Джерзелез остановился лишь в Хисетах и, свернув с дороги, направился в Нижний Табак. Там он вошел в маленький дворик, скрывавшийся за высокими воротами. Затрещали и заскрипели стертые множеством ног узенькие ступеньки. В небольшой опрятной полутемной комнате, окна которой были задернуты занавесями из тонкого полотна, будто поджидая кого-то, сидела Екатерина. Взгляд у нее был спокойный, а руки – белые.
Екатерина была дочерью лекаря, приехавшего сюда из Одессы. Никто не знал, почему он покинул родину. Говорили, что лекарь этот грузин, но на самом деле он был русским и, хотя носил феску и звали его Велибег, перед смертью позвал священника и умер как христианин. Дочь его, осиротев, хотела уйти в какой-нибудь монастырь в России, но знакомый грек уговорил ее остаться. А когда он ее бросил, она поселилась в одном из тех маленьких домишек, что выстроились в ряд от Хисет до Нижнего Табака и в которых по одной или по двое жили под полицейским надзором продажные и известные всему городу по именам девушки. На остаток отцовских денег она купила такой маленький домик, в котором жила теперь со старой служанкой, тоже бывшей хисетской жительницей. Днем она спала или вязала в тени двора накидки для подушек, а по ночам принимала богатых гостей. Была она невысокая, коренастая и молчаливая.
Когда-то Джерзелез наведывался к ней. Дневной визит удивил ее; она встала, а он еще в дверях сказал ей спокойно:
– Екатерина, вот пришел к тебе.
– Добро пожаловать! – отвечала она, покорно взбивая для него подушки.
Он присел на небольшой диванчик, а она, чуть склонившись перед ним, сразу же принялась снимать с него пояс.
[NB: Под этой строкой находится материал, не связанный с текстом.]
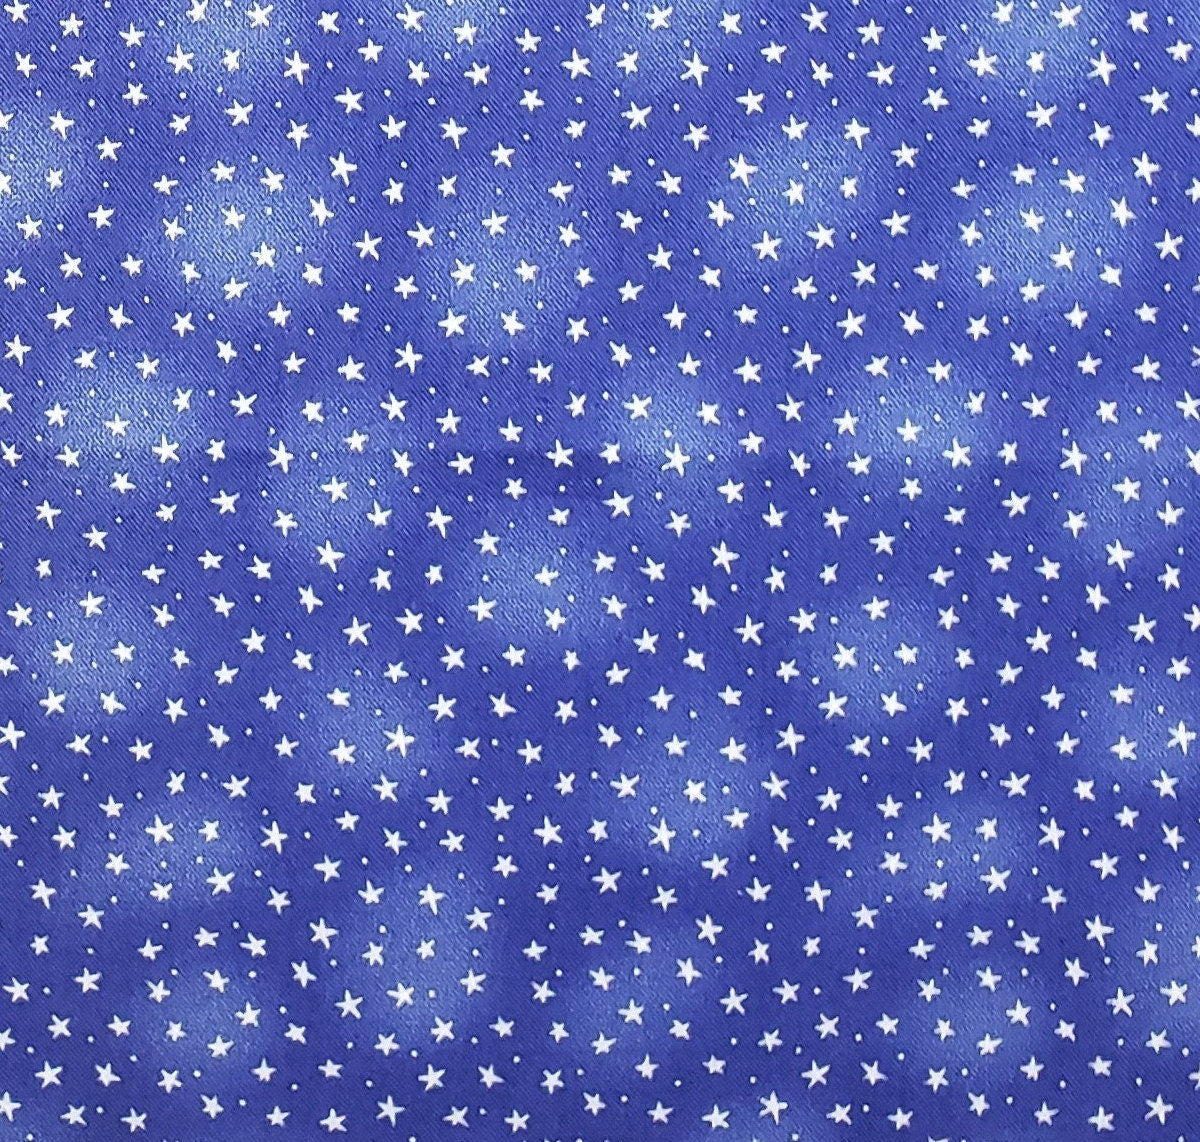 2004 Blank Textiles, Inc. - Tonal Blue Fabric with Tiny White Stars and Dots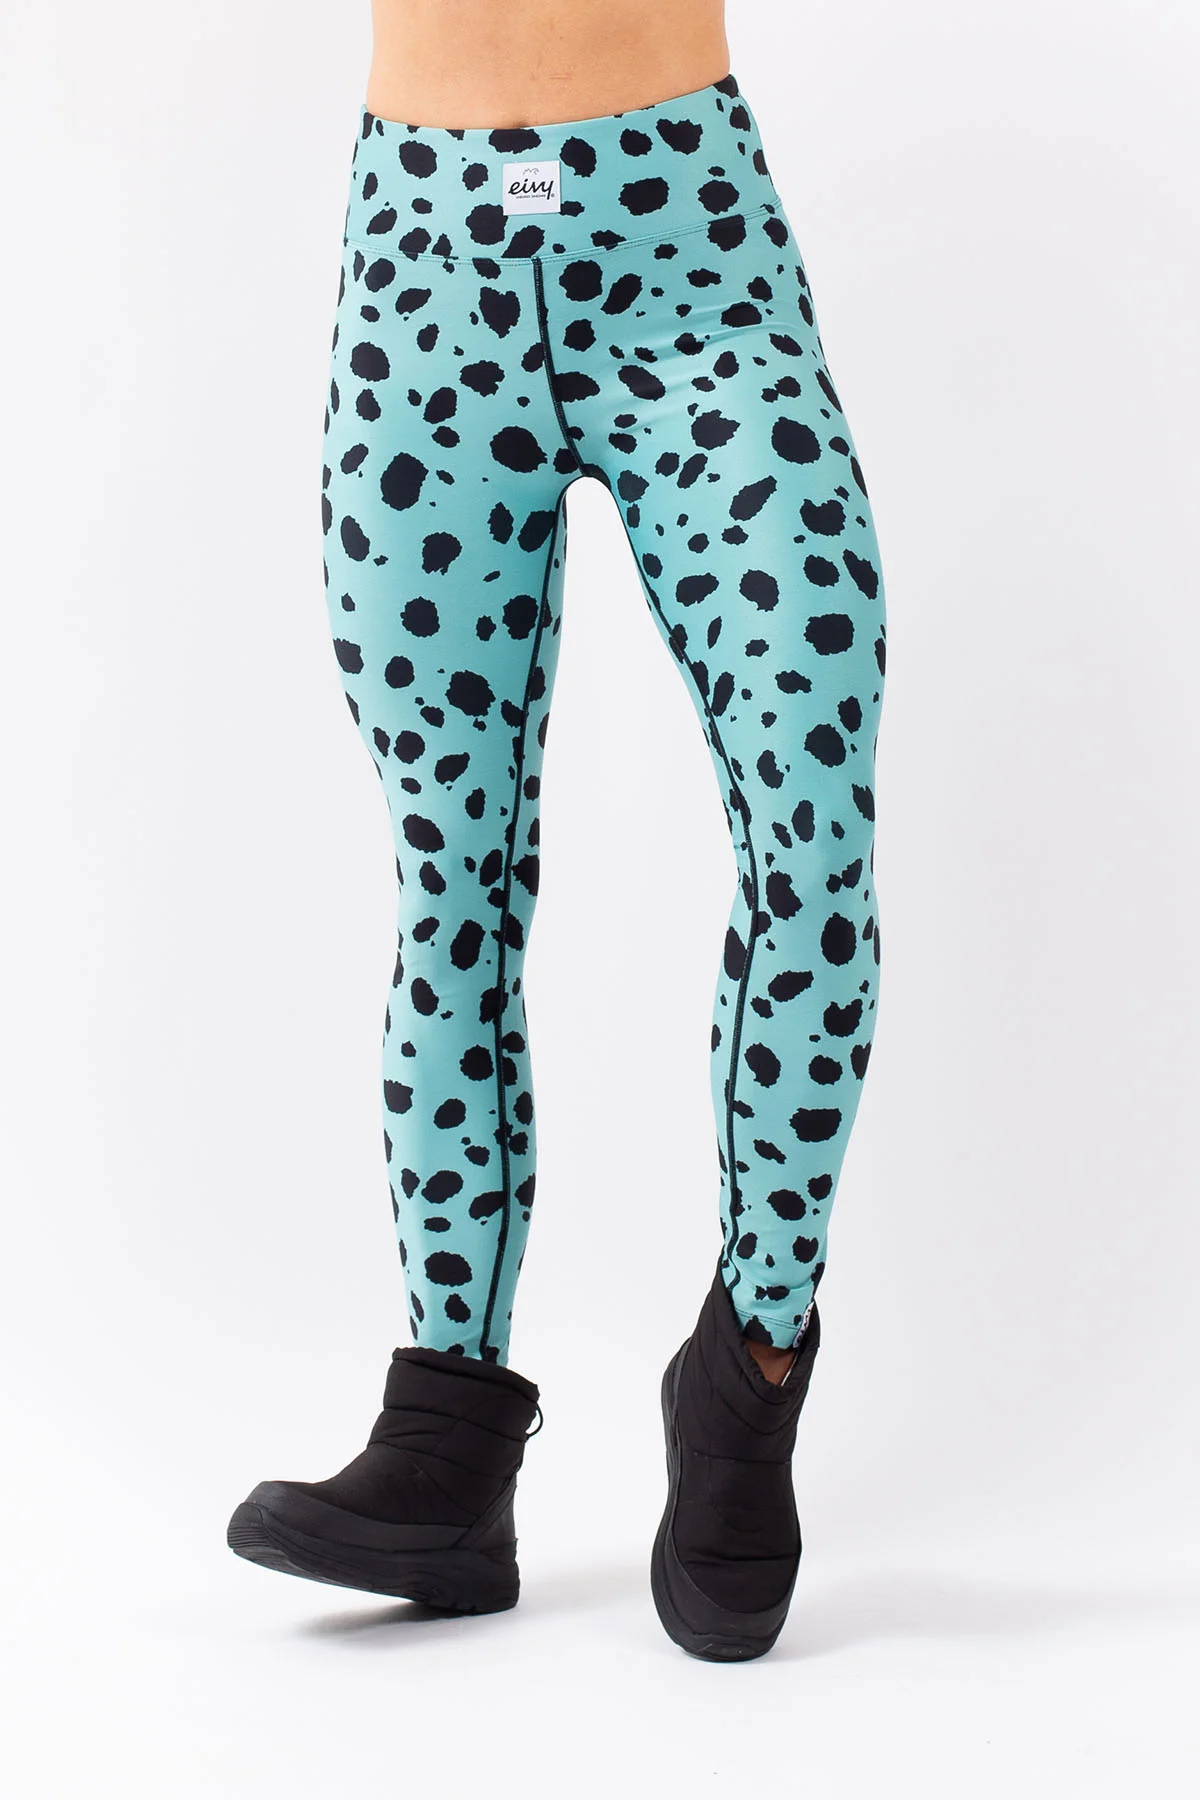 Icecold Tights - Turquoise Cheetah | M

Потом он лежал, уткнувшись головой в тонкую ткань ее шаровар, а она гладила его сожженную солнцем шею. Перед глазами его плыли светлые и красные крути, а в памяти возникали все новые и новые воспоминания, уже умиротворенные и далекие.
Чья это рука прикоснулась к нему? Это рука женщины? Перед ним встает венецианка в мехах и бархате, гибкая, стройная и такая желанная. Цыганка Земка – дерзкий и коварный, но милый зверек. Дородная вдова. Страстная, но непостоянная еврейка. И Катинка – цветок, не знающий солнца. Нет, это рука Екатерины. Только Екатерины. Лишь одна она ему доступна!